*Recorded data*
----
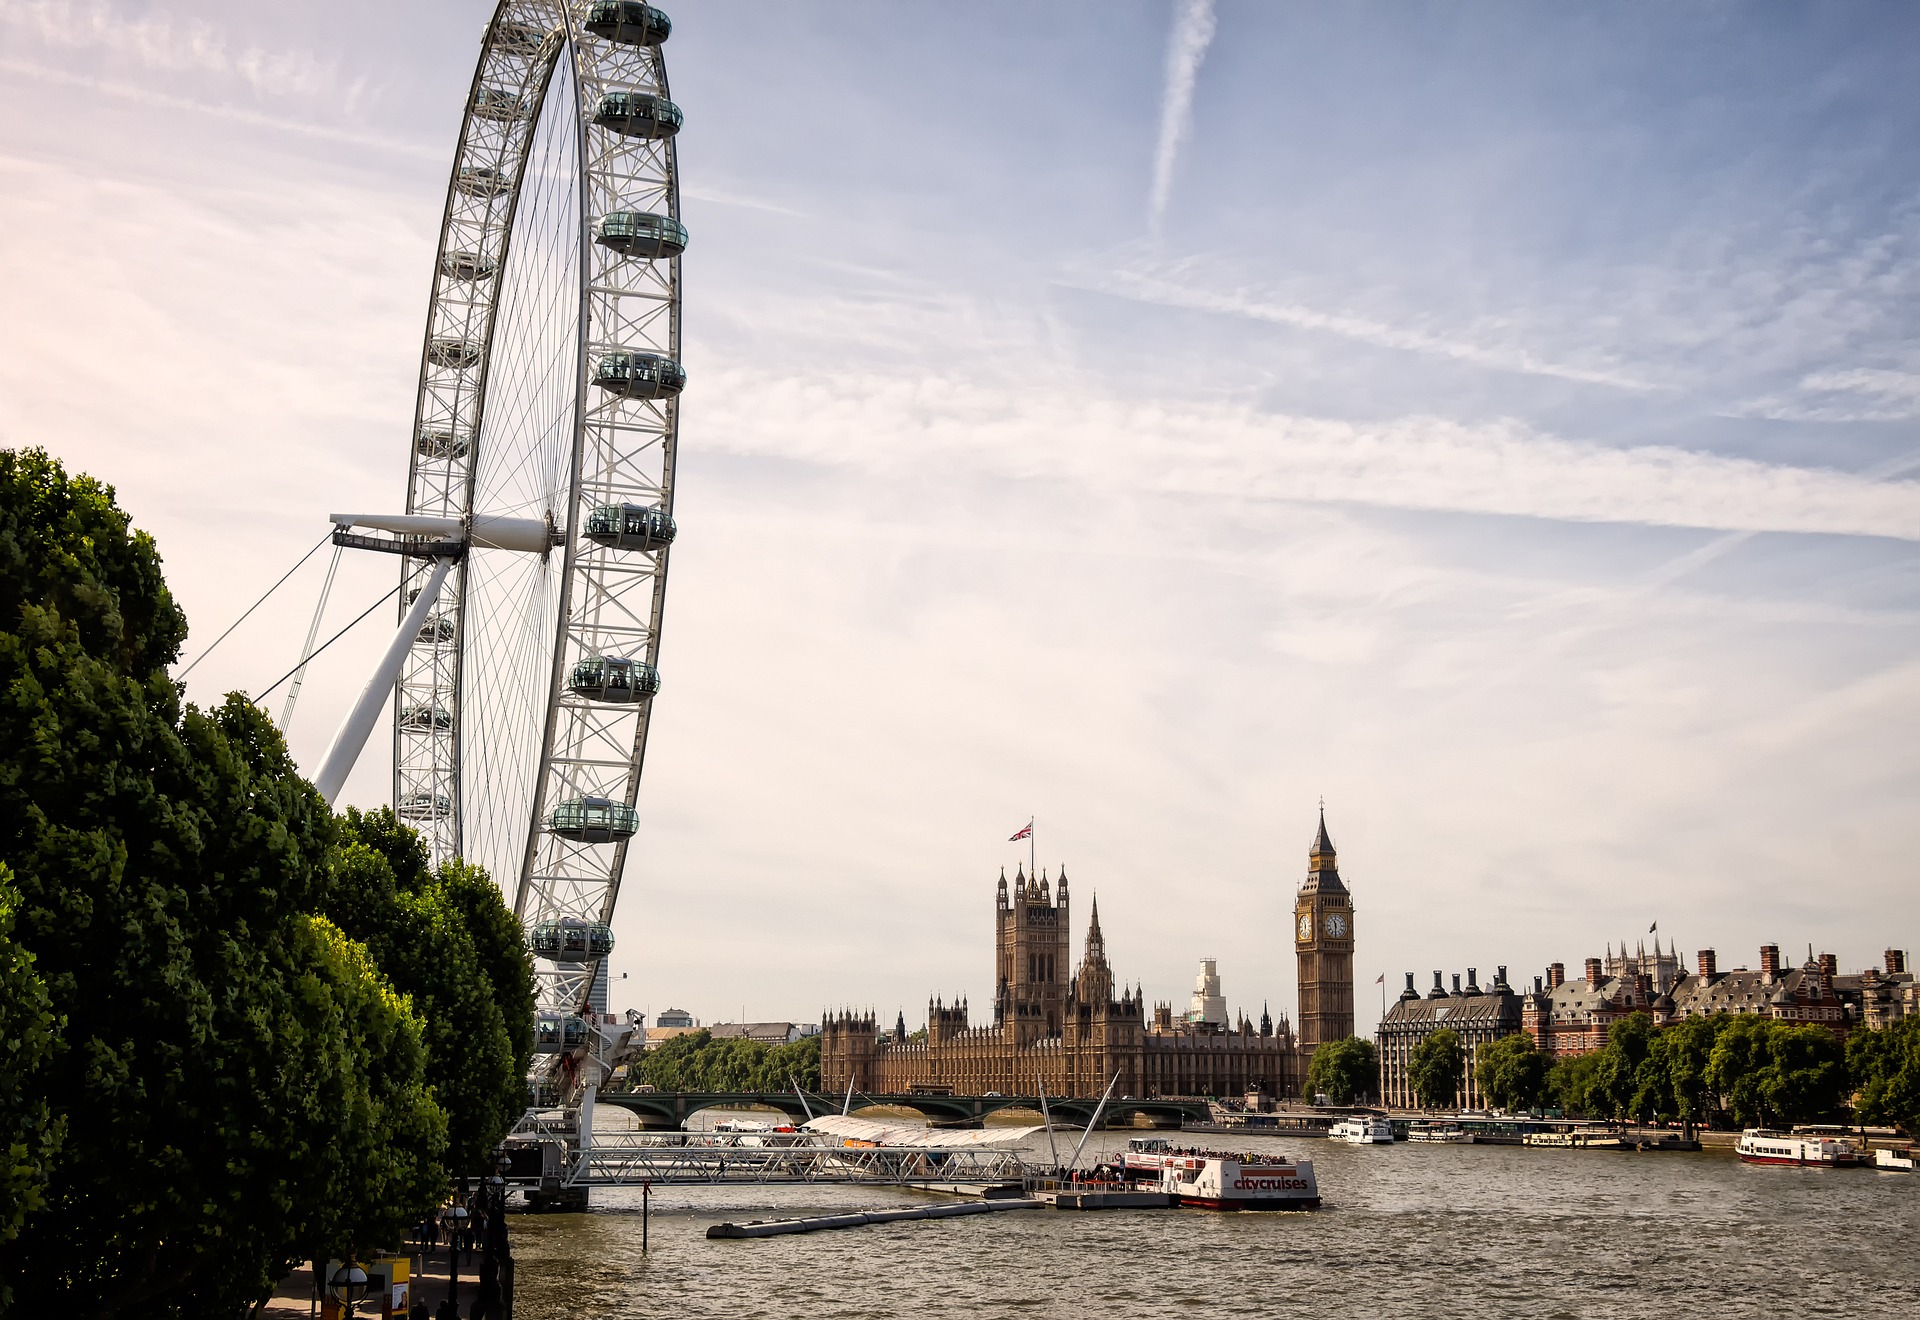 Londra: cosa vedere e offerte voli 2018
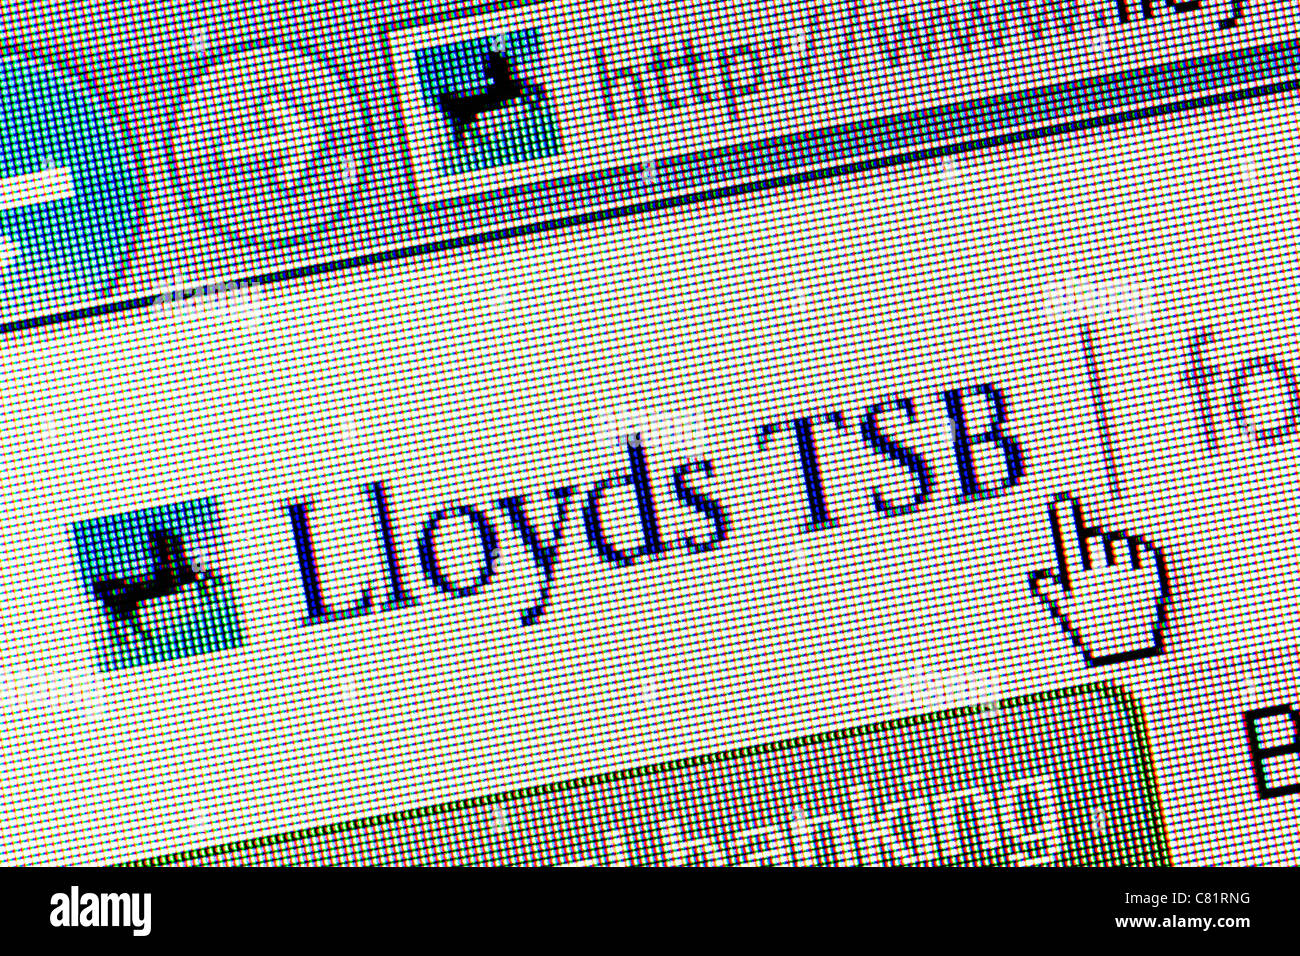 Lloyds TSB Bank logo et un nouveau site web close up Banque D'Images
----
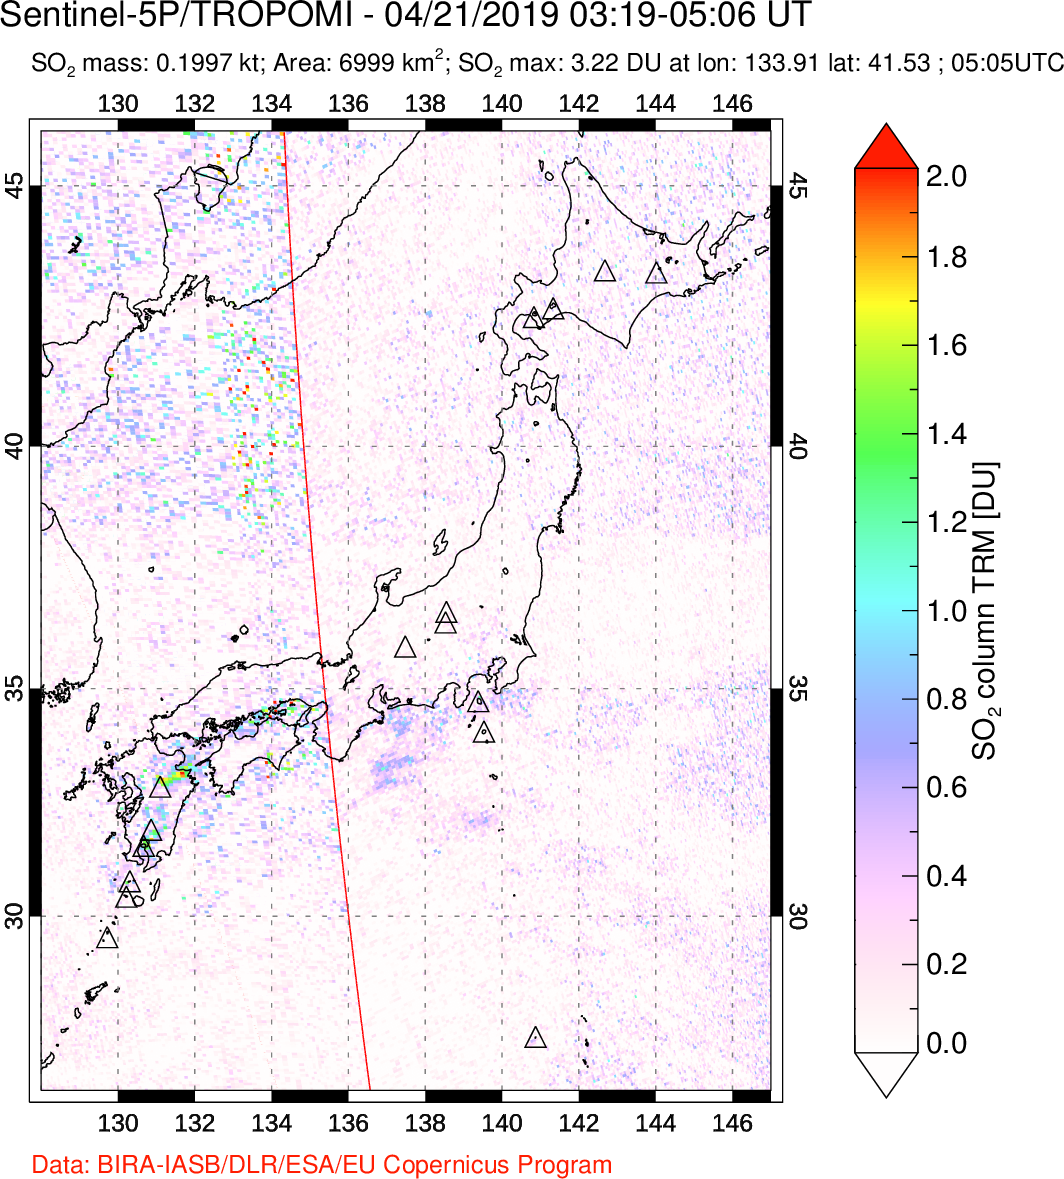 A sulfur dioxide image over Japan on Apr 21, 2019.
----
*Exercise requirements*
Return the material from the line containing "Londra: cosa vedere e offerte voli 2018" through the line containing "Lloyds TSB Bank", exactly and in full, but without its pictures.

*Response below*
 Londra: cosa vedere e offerte voli 2018
 Lloyds TSB Bank logo et un nouveau site web close up Banque D'Images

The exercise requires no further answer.